Alongside the settlement, the SEC also charged Tesla with “failing to have required disclosure controls and procedures relating to Musk’s tweets,” according to the agency. Tesla has already agreed to settle this charge. Both Musk and the company will pay separate $20 million fines that will “be distributed to harmed investors under a court-approved process,” according to the SEC, and Tesla is being made to appoint two new independent directors to its board. The company will also hire a lawyer to monitor Musk’s communications, including his tweets, according to the agreement.
A lawyer will now oversee Musk’s communications — including his tweets
“The total package of remedies and relief announced today are specifically designed to address the misconduct at issue by strengthening Tesla’s corporate governance and oversight in order to protect investors,” Stephanie Avakian, co-director of the SEC’s enforcement division, said in a statement.
The terms of the settlement closely mirror the deal that numerous outlets reported was on the table Thursday morning, which would have required a two-year chairman ban and a $10 million fine.
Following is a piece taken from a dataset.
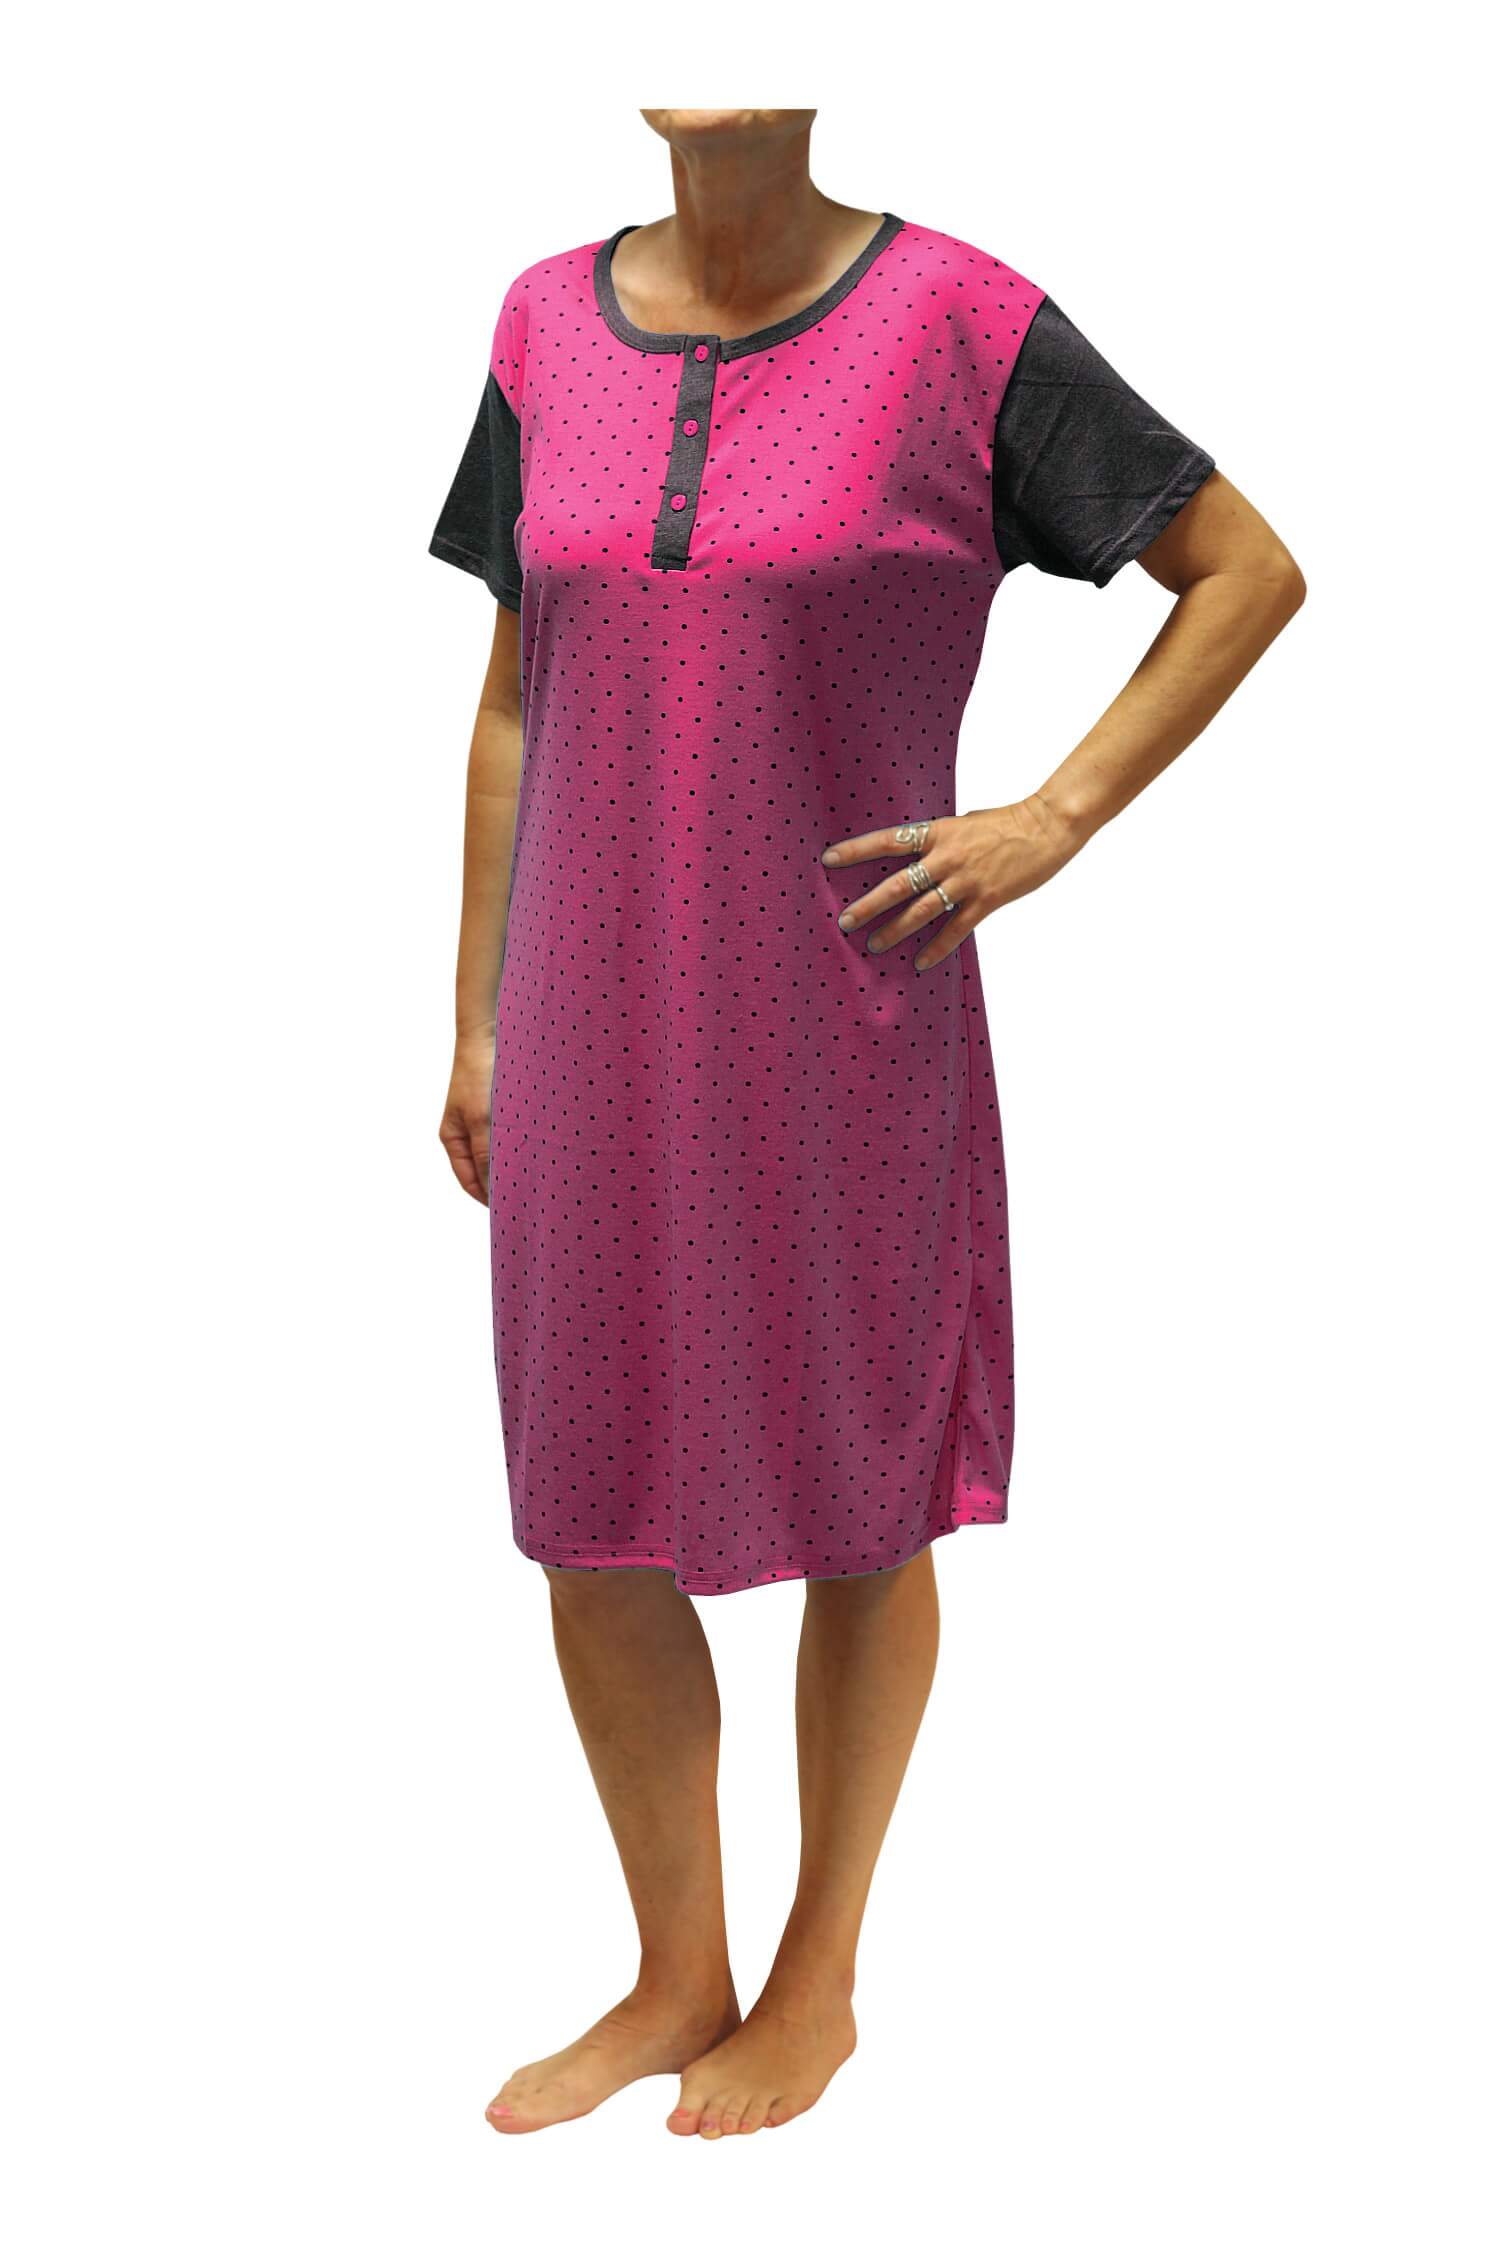 Adéla dámská noční košile s puntíky DNU329-NT M růžová

The two sides were so close to agreeing to those terms, according to the New York Times, that press releases were even being drafted. Musk ultimately decided that he didn’t want to go through with it, though, and later that day the SEC charged him with securities fraud.
In addition to the other terms, Musk had to agree to a condition where he is not allowed to either “admit nor deny” whether he was guilty of committing securities fraud, meaning that he cannot publicly state that he did nothing wrong — something that was reportedly a sticking point that caused Musk to walk away from the original deal.
The SEC opened an investigation into Musk and Tesla in early August, shortly after the CEO abruptly announced on Twitter that he was considering taking the company private at a share price of $420. Musk said that he had the “funding secured” to pull off the feat, and that support from investors was confirmed as well.
While Musk reportedly had held multiple meetings with Saudi Arabia’s sovereign wealth fund about backing the privatization effort, the SEC argued in its lawsuit that Musk did not have a solid deal in place, and therefore his tweets were therefore “false and misleading” to investors.
“Musk knew that he had never discussed a going-private transaction at $420 per share with any potential funding source, had done nothing to investigate whether it would be possible for all current investors to remain with Tesla as a private company via a ‘special purpose fund,’ and had not confirmed support of Tesla’s investors for a potential going- private transaction,” the agency wrote in its complaint.
The first hearing in the SEC’s case against Musk was scheduled for February. The Department of Justice reportedly still has an open investigation into his failed privatization attempt, and a number of shareholders have sued Musk in court for losses resulting from the alleged market manipulation.